At the same time, the Middle East conflict is stoking fears of de-dollarization, sending investors in search of alternatives like the Chinese yuan.
Other Asian markets aren’t faring as well.
Buoyed by the AI trade, East Asian economies have largely erased their losses incurred when the war began. As of April 27, Taiwan’s Taiex is up almost 10% compared to pre-war levels, while South Korea’s KOSPI has risen by 4%. Japan’s Nikkei 225 and China’s CSI 300 have also inched upwards.
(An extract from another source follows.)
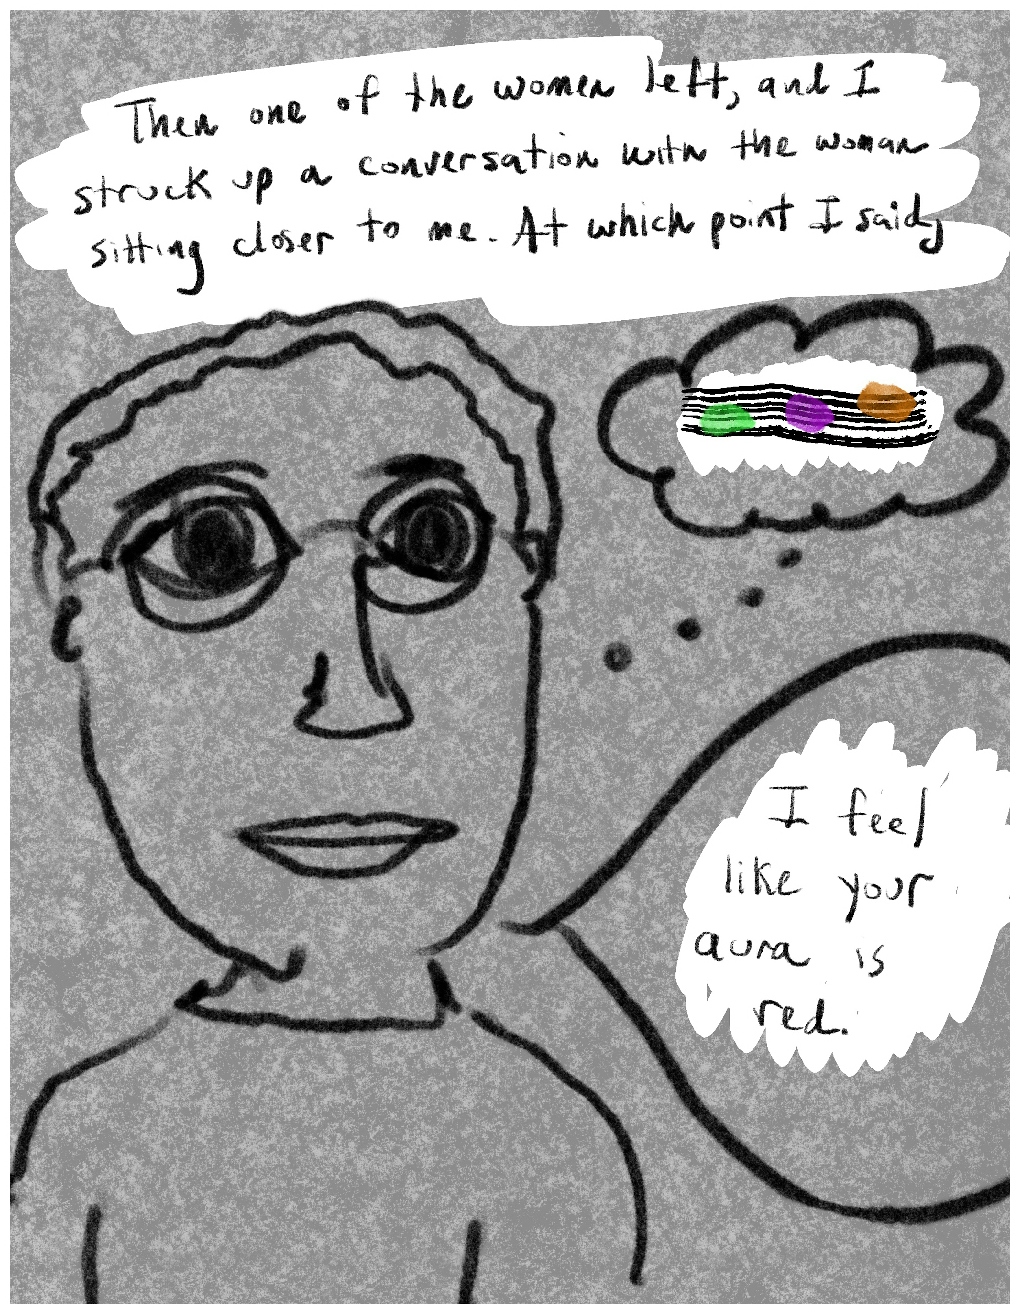 Panel 2 of a four-panel comic called My delusion wasn't shared'', consisting of thick black line drawing on a mottled grey background. A young man with short hair, glasses and large round black eyes stares out at the viewer. A block of text above him says "Then one of the women left, and I struck up a conversation with the woman sittng closer to me. At which point I said,". A thought bubble comes from the figure containing narrow horizontal lines like a musical stave. Across the 'stave' are three daubs of colour (green, purple and orange) ascending like musical notes across the 'stave'. Below the thought bubble is a speech bubble coming from the figure's mouth, which says "I feeel like your aura is red".

“Energy is still a dependency in Southeast Asia,” Aditya Laroia, CEO of Maybank Securities, says. “If you’re not producing it all domestically, then you’re naturally dependent on a lot of other parts of the world.”
He adds that political instability is also dampening investor confidence in parts of Southeast Asia. The Philippines, for example, saw a huge market sell-off in late 2025 following a major corruption scandal with government-funded flood-control projects.
“Wherever there’s instability in terms of government and policy, it’s detracted from capital flows,” Laroia says.
This has been reflected in weakening market indices in Asia’s emerging economies. Since the war began, India’s NIFTY 50 has fallen about 5%, while the MSCI ASEAN index is down by 7%.
AI and the Iran war do converge on one area, however: energy security. Data centers require immense amounts of electricity to run, boosting demand even as fuel supplies from the Middle East remain locked in the region.
This is where Southeast Asian nations like Indonesia, Thailand and Malaysia, are getting the chance to shine. They, alongside other ASEAN nations, are stepping up efforts to build out critical energy and AI systems within the region. “There’s a big infrastructure play in Southeast Asia,” Laroia says. “The investment of capital into energy sources and renewables will continue, and that’s why this part of the world still has a lot of growth left in it.”
“It’s really infrastructure that creates the biggest opportunity right now, from an investment perspective,” Chanana, of Saxo Bank, says.